DATA PROVIDED -
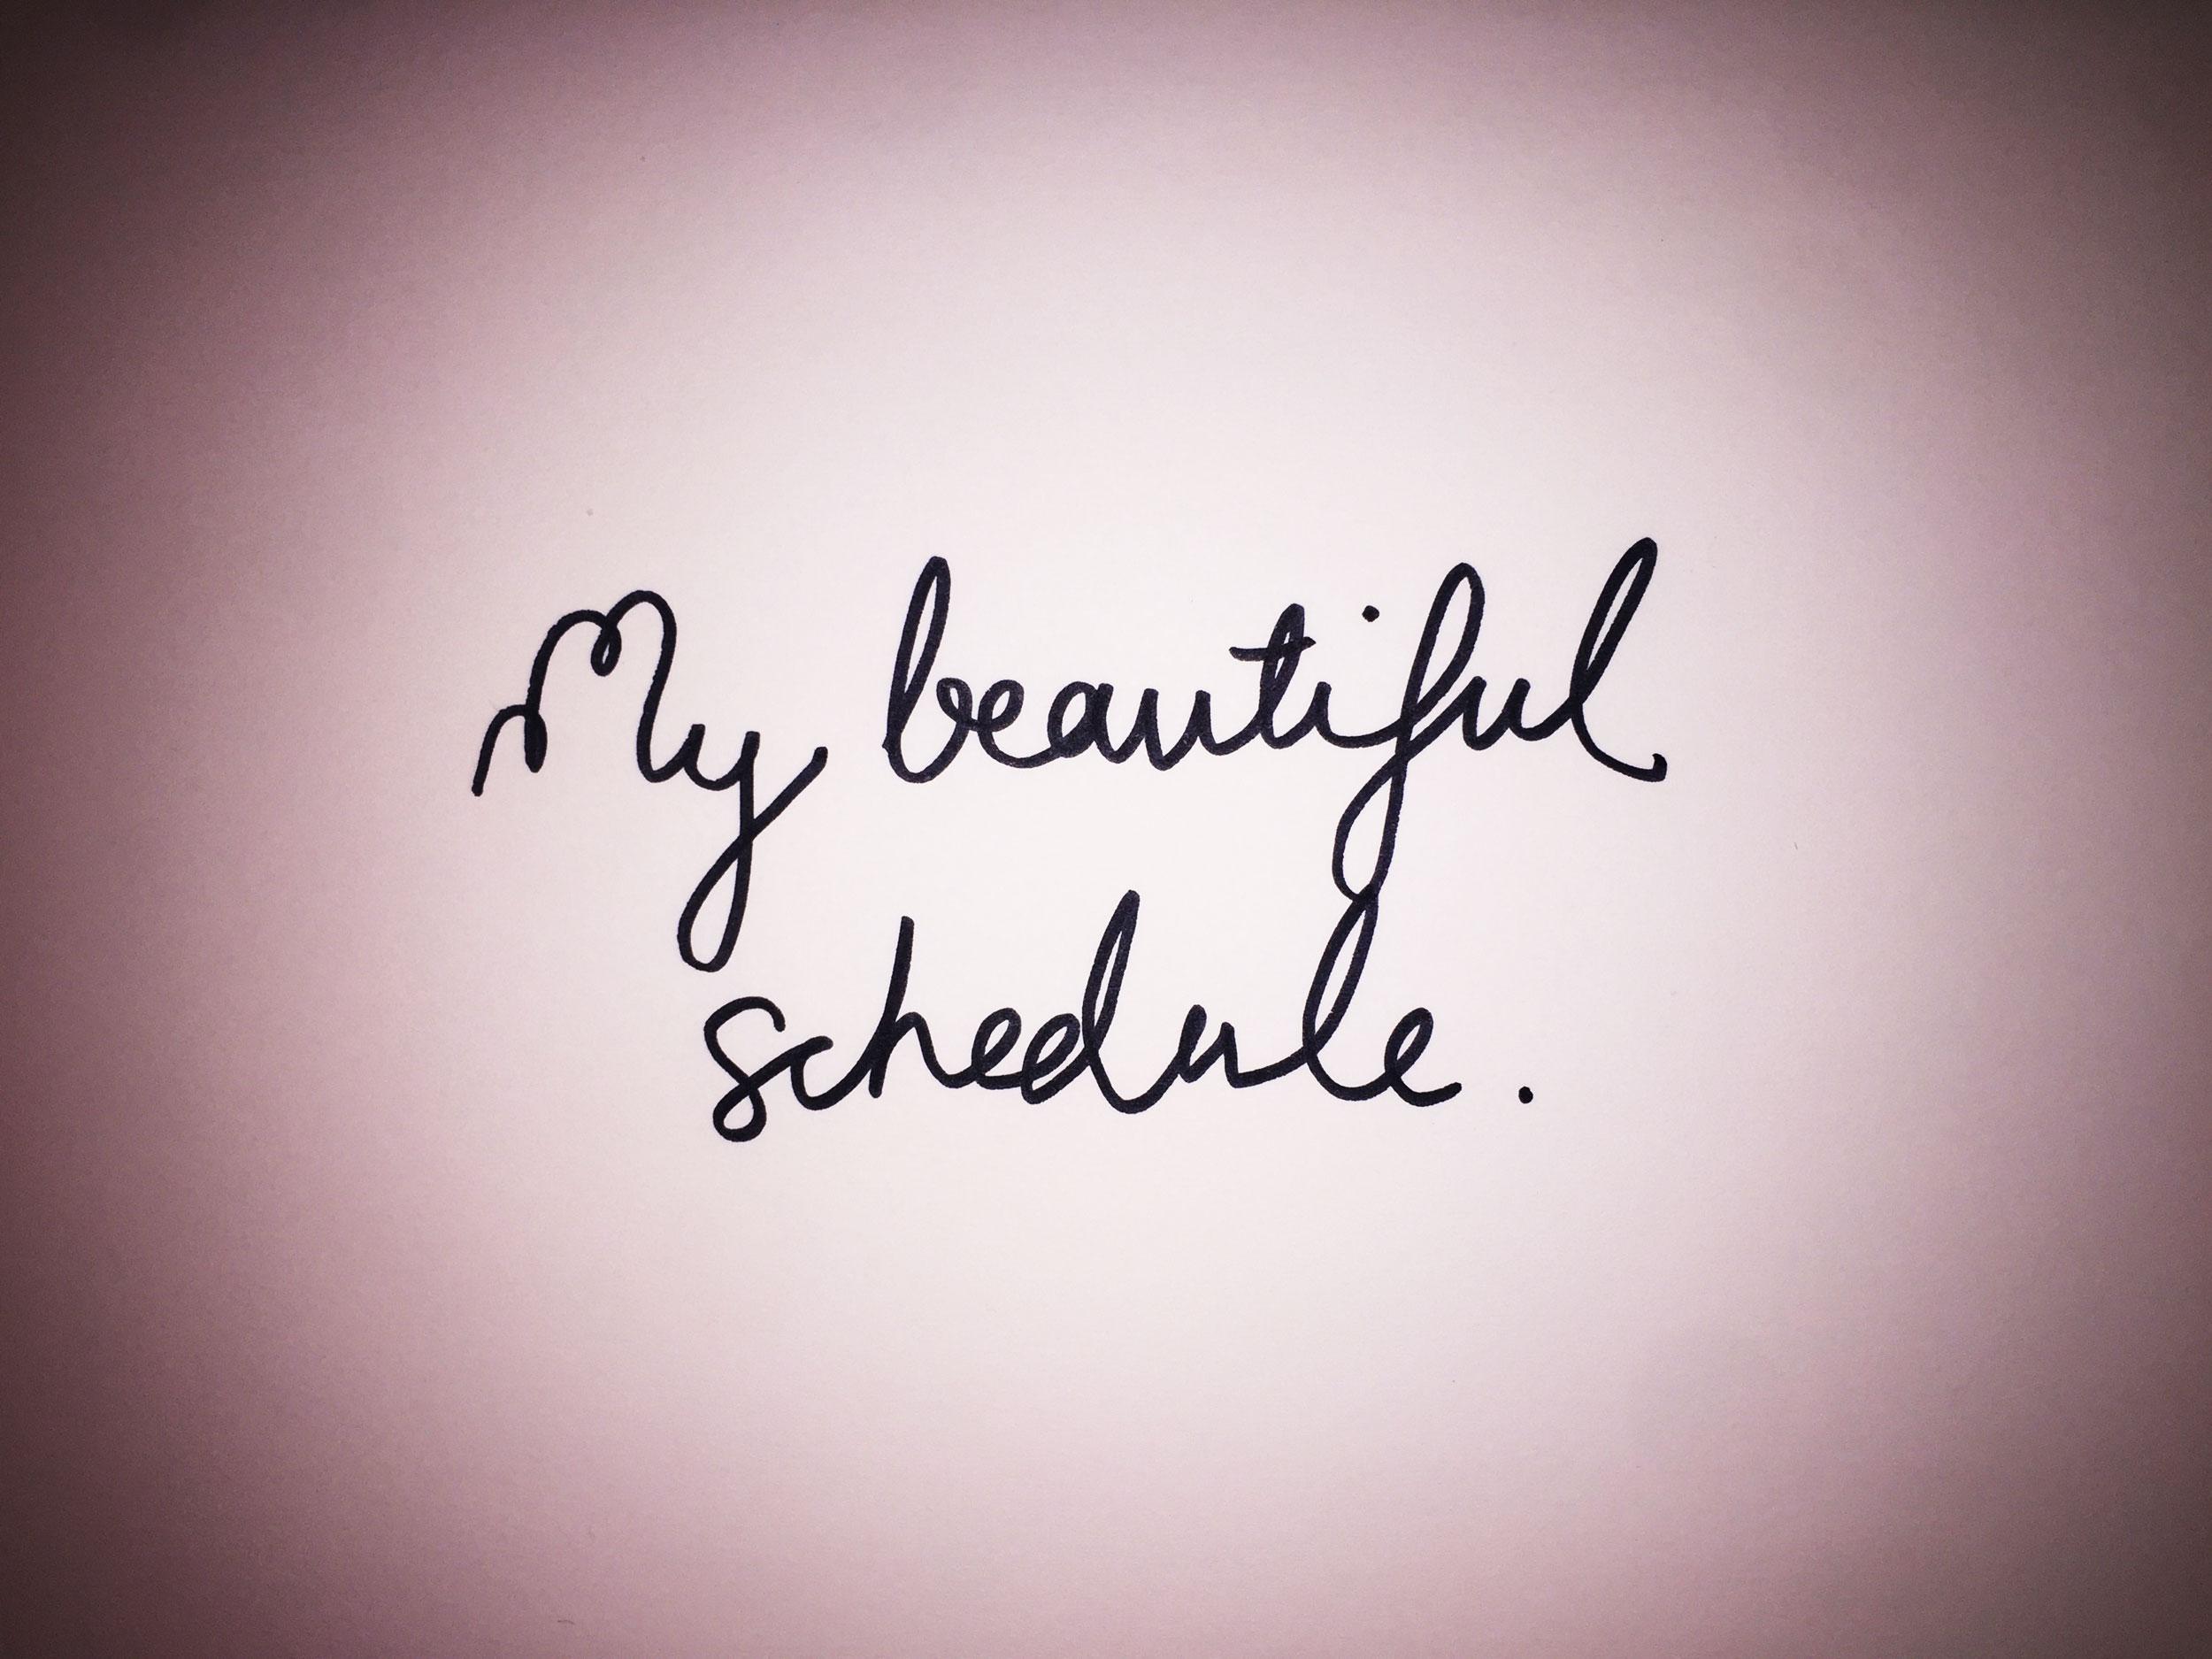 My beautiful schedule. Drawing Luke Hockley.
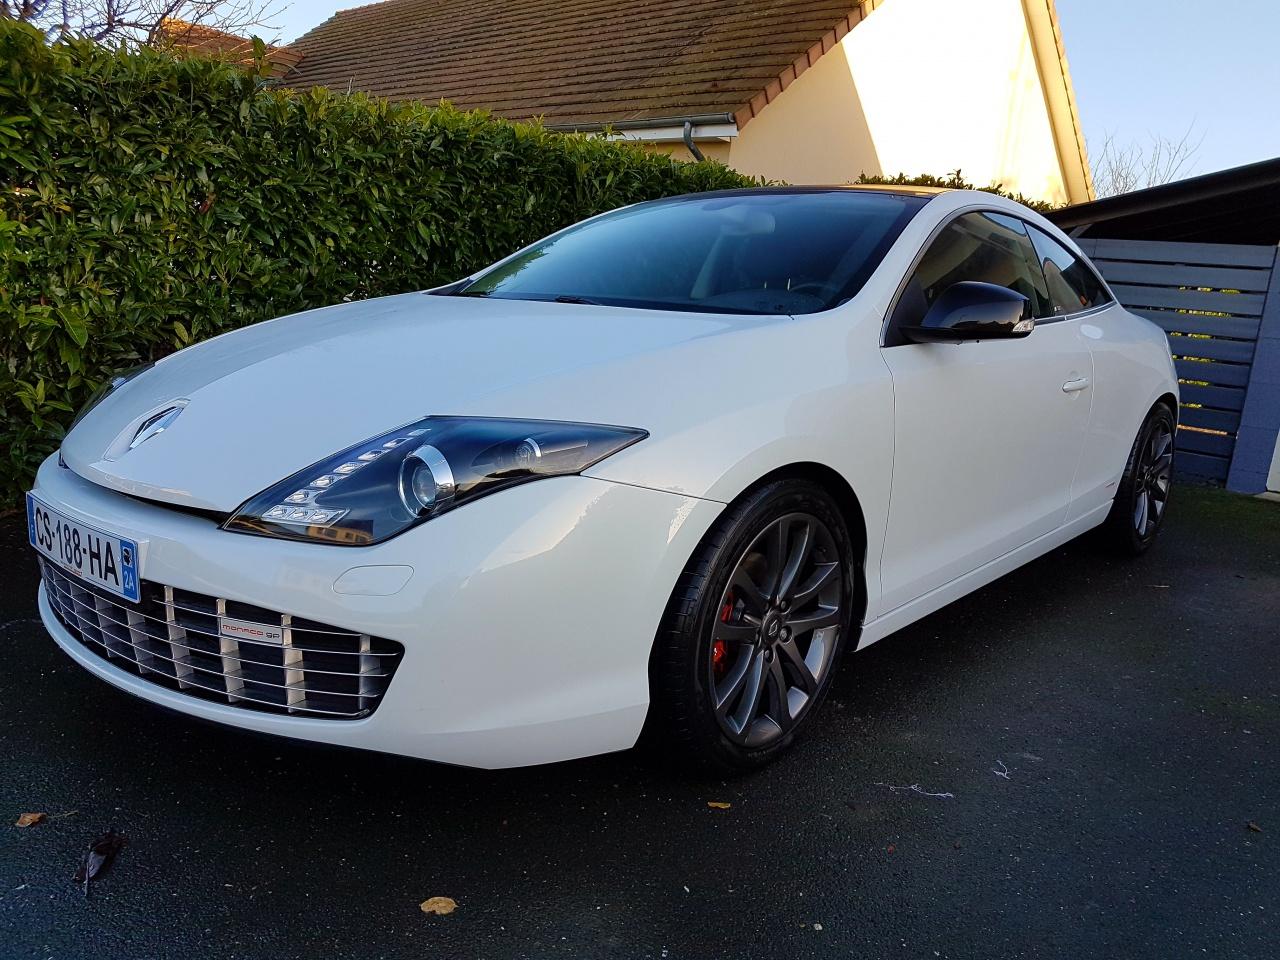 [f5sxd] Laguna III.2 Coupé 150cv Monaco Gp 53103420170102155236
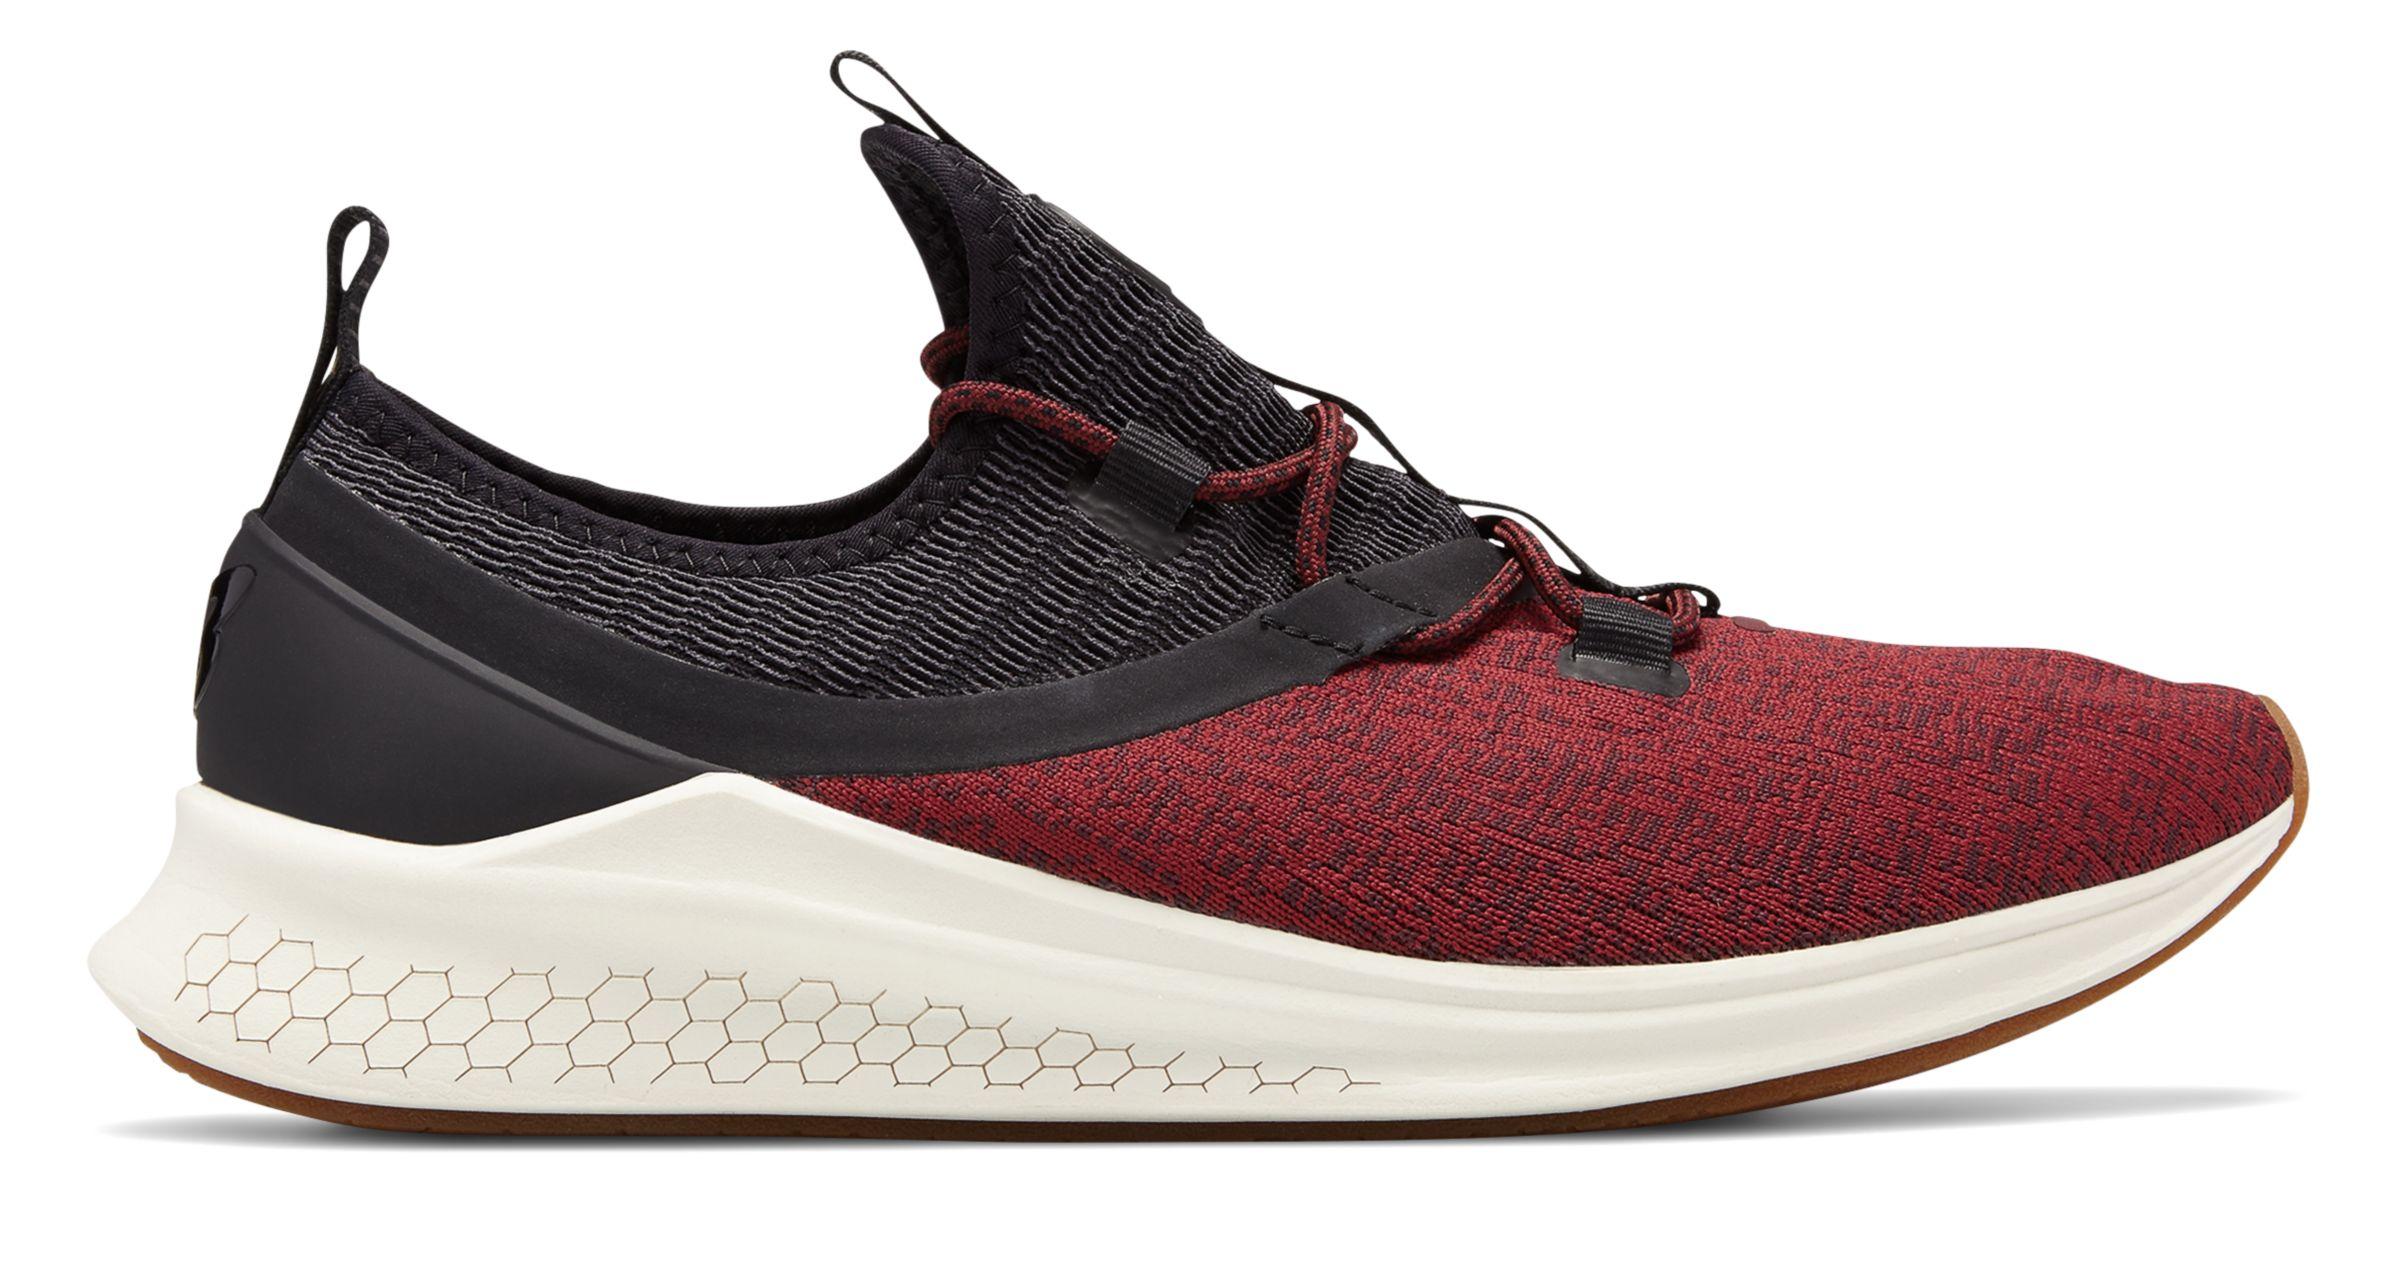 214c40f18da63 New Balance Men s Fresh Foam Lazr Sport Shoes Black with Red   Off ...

WHAT IS REQUIRED - Copy out all the data exactly. No images belong in the copy.

WRITTEN ANSWER -
 My beautiful schedule. Drawing Luke Hockley.
 [f5sxd] Laguna III.2 Coupé 150cv Monaco Gp 53103420170102155236
 214c40f18da63 New Balance Men s Fresh Foam Lazr Sport Shoes Black with Red   Off ...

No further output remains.